BANYAN TREE

BANYAN TREE 

National Tree: The Banyan 
Botanical Name: Ficus benghalensis L. 
Family: Moraceae 

The Banyan is one of our most hospitable trees even though it often begins life as a killer. Though it has the capacity to create a forest all on its own it nevertheless needs a miniscule wasp to ensure propagation. And in a strange reversal of roles, its roots grow in the air, hanging down from branches before they miraculously change, into trunks themselves. This is one of our most revered trees & an integral part of our myths & legends.

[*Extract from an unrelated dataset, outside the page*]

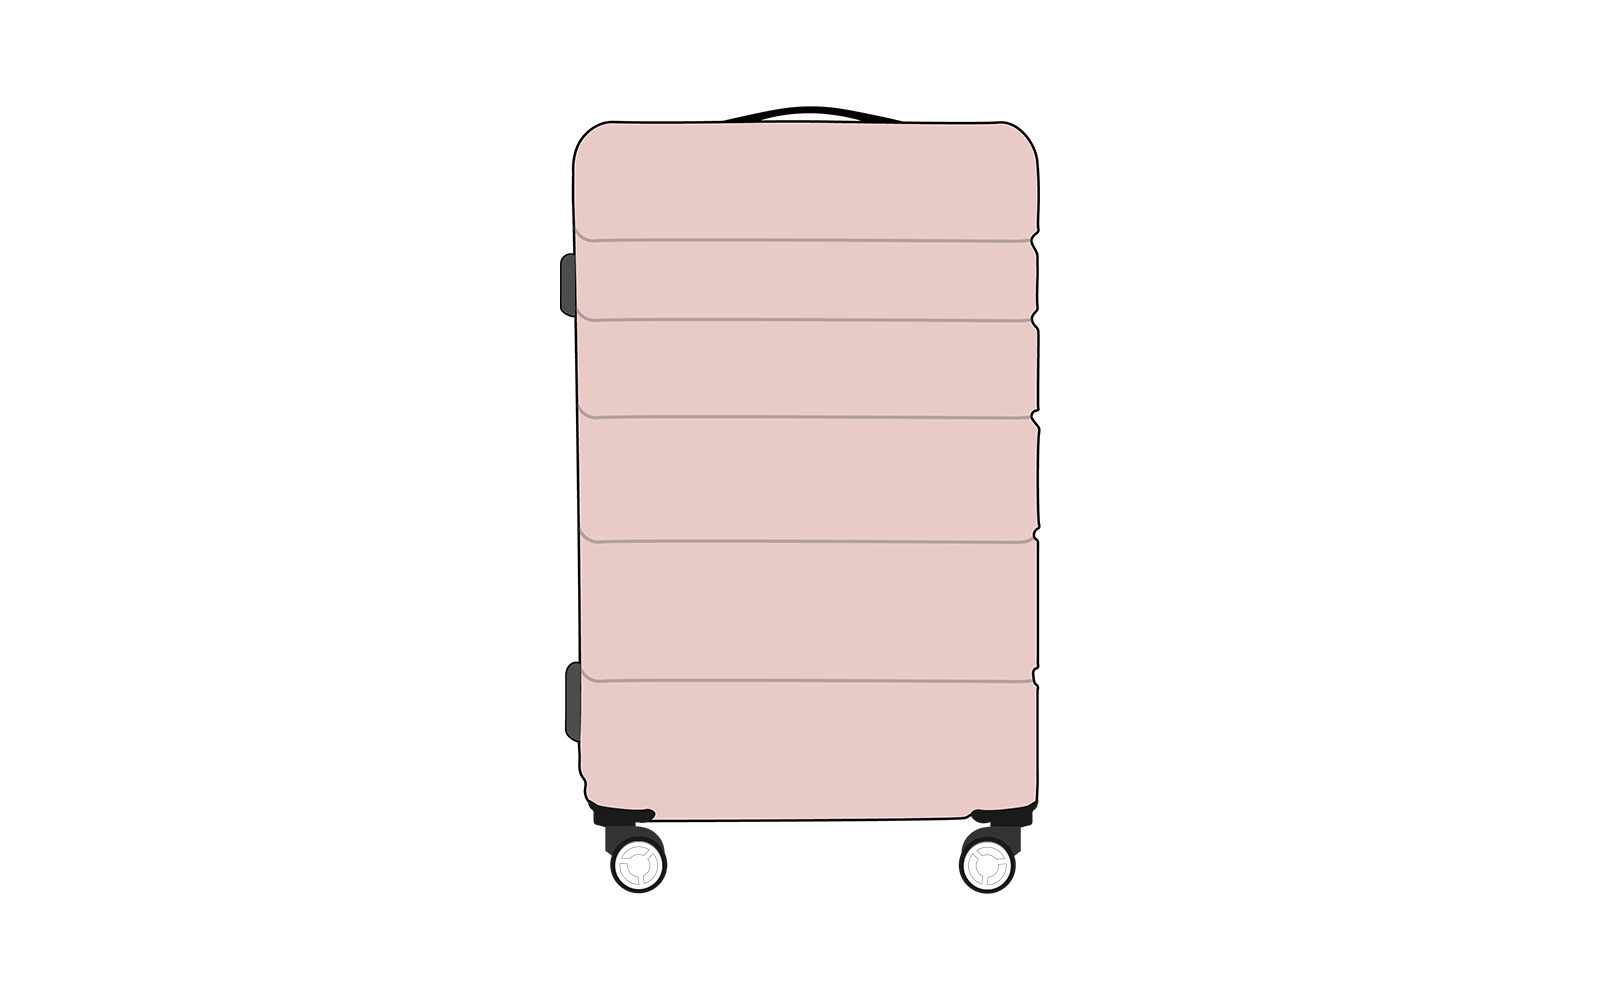 Baggage Item Travel Luggage Vector

Common Names: Bar, Bat Gaach, Bath, Bot (Bengali); Banyan Fig, Banyan Tree, East Indian Fig Tree, Indian Banyan, Weeping Chinese Banyan (English); Vad, Vadlo, Vor (Gujarati); Bargad, Barh, Vatavriksh (Hindi); Aalada Mara (Kannada); Aalamaram, Peraal (Malayalam); Vada, Wad, War (Marathi); Bara Gacha (Odiya); Nyagrodha, Vat Vriksha (Sanskrit); Aalamaram (Tamil); Marrichettu (Telugu); Bar (Urdu). 

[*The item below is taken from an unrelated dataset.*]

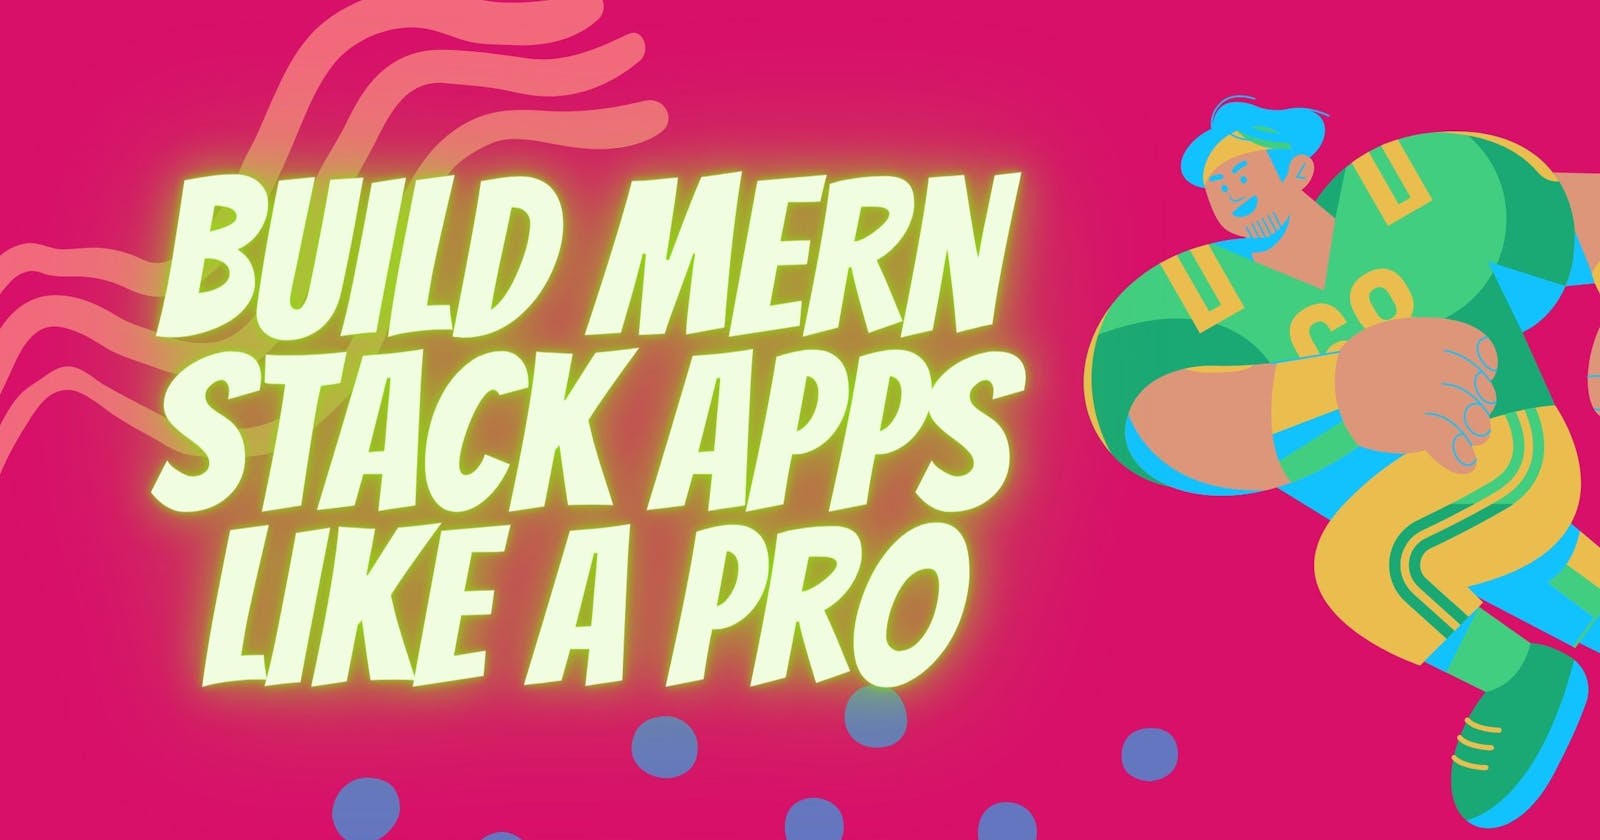 Build MERN applications like a pro

Description: A very large, evergreen tree grows up to 20 m tall with spreading branches and many pillarlike aerial, prop roots. Leaves ovate-cordate, entire at margins, rounded at apex, 8 – 20 × 6 – 15 cm, coriaceous, glabrous above, fine pubescent beneath, 3 – 5-veined at base; lateral veins 4 – 6 pairs;

petioles stout, 1 – 5 cm long, with a broad smooth greasy gland at apex, ventrally compressed, hairy. Inflorescence a hypanthodium in axillary pairs, sessile, globose, 1.5 – 2 cm, hairy, subtended by 3 minutely hairy bracts, green, turning red on ripening. Flowers minute, 3 kinds: male, female and gall; male flowers numerous, near the ostiole of fig, pedicellate; tepals 3; stamen 1; female flowers sessile; gall flowers pedicellate, with a developing insect. Fruit an achene, globose-ellipsoid, creamish-brown.

Importance: Fiber obtained from
bark and aerial prop roots is used for making paper and coarse ropes. Wood is hard and
durable and is used for furniture and housebuilding. Wood is also suitable for paper pulp. Twigs and prop roots are used as tooth
stick. Figs are edible, can be eaten fresh or dried. Application of a mixture of coconut oil and pulp of the fig promotes hair growth.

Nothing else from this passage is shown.